Modeling lung development and pulmonary diseases using human organoids

In the anterior foregut endoderm, Nkx2.1+ progenitor cells give rise to both thyroid follicular cells, which produce thyroid hormones, and lung/airway epithelial cells, including mucus-secreting, ciliated, basal, Clara, and alveolar cells (types 1 and 2). This developmental link explains the Brain-Lung-Thyroid syndrome, observed in patients with NKX2-1 mutations, which affects multiple organ systems.

Despite this known connection, the molecular networks governing the fate decisions of Nkx2.1+ progenitor cells—determining whether they develop into thyroid or lung epithelium—remain largely unexplored.

Our lab has developed a protocol to generate hormone-producing human thyroid organoids from hESCs in vitro. Interestingly, we found that introducing just a single hormone into the culture conditions completely suppresses thyroid differentiation, instead promoting the formation of lung organoids containing both airway and alveolar compartments.

Current Research Goals

Using advanced technologies such as scRNA-seq, ATAC-seq, and CRISPR gene editing, our research aims to:

1. Map the dynamic gene expression patterns underlying human thyroid and lung development in our organoid models.
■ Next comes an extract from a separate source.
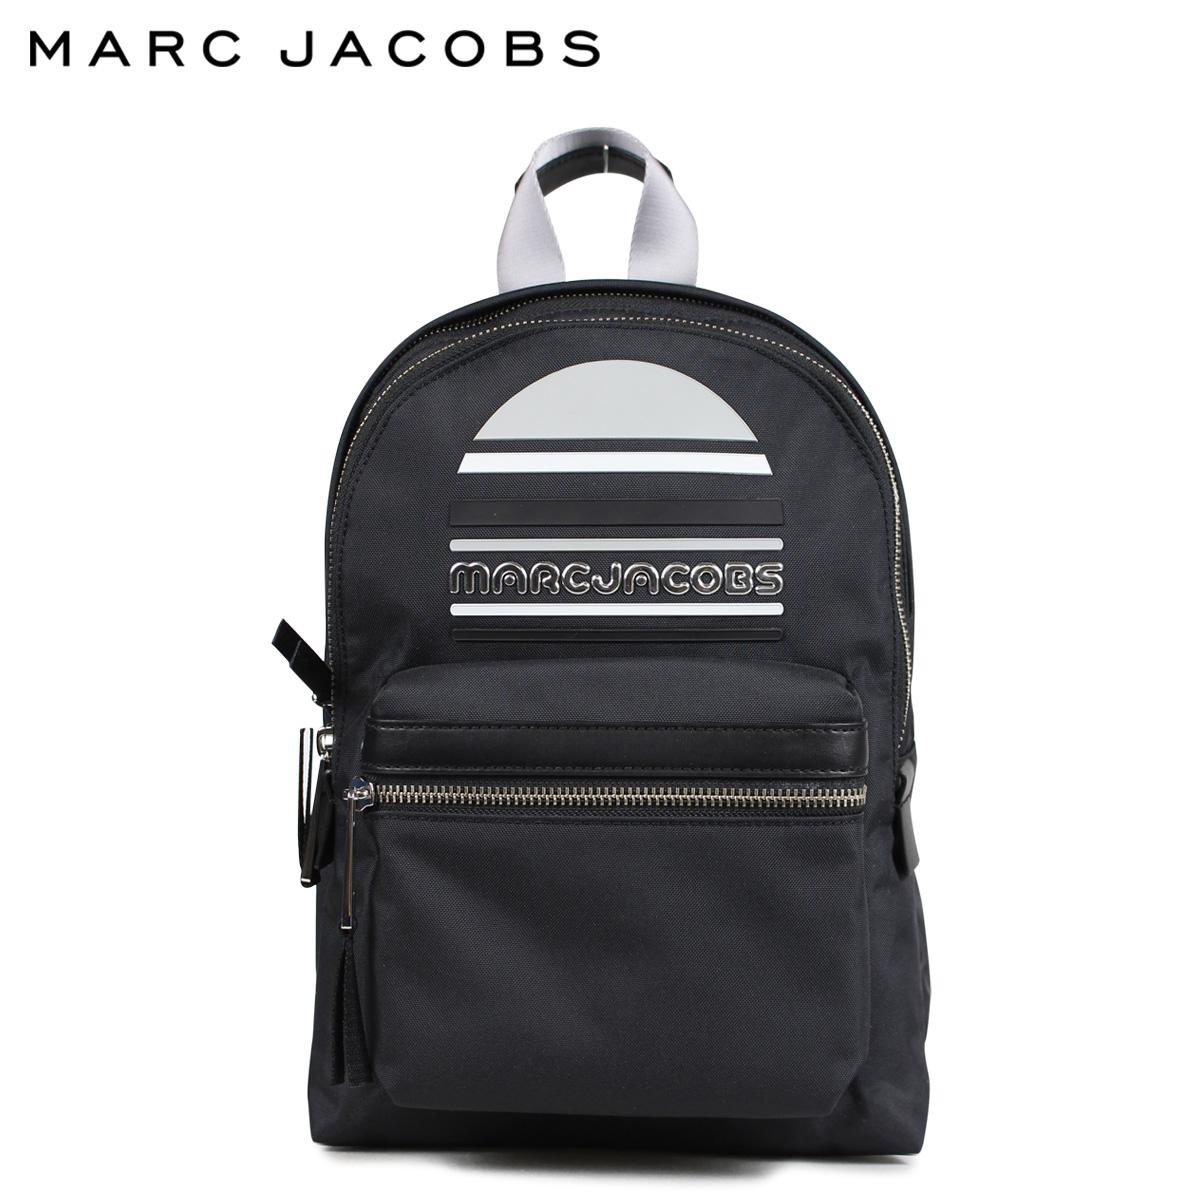 MARC JACOBS MEDIUM BACKPACK マークジェイコブス リュック バッグ バックパック レディース メンズ ブラック 黒 M0014035

2. Unravel the molecular networks controlling the lineage decisions of Nkx2.1+ progenitor cells toward thyroid or lung fates.

3. Identify pathways that expand lung progenitor cell populations, with the goal of enhancing lung regeneration and repair studies.

Modeling Human Lung Diseases

Beyond developmental biology, we are leveraging our highly differentiated lung organoids as a powerful tool to model human pulmonary diseases, including:

• Congenital lung disorders

• Idiopathic Pulmonary Fibrosis (IPF)

• Pollution-induced respiratory conditions

• Viral infections

By integrating organoid technology with functional genomics, our research aims to uncover fundamental mechanisms of lung and thyroid development, while also paving the way for innovative approaches to disease modeling and regenerative medicine.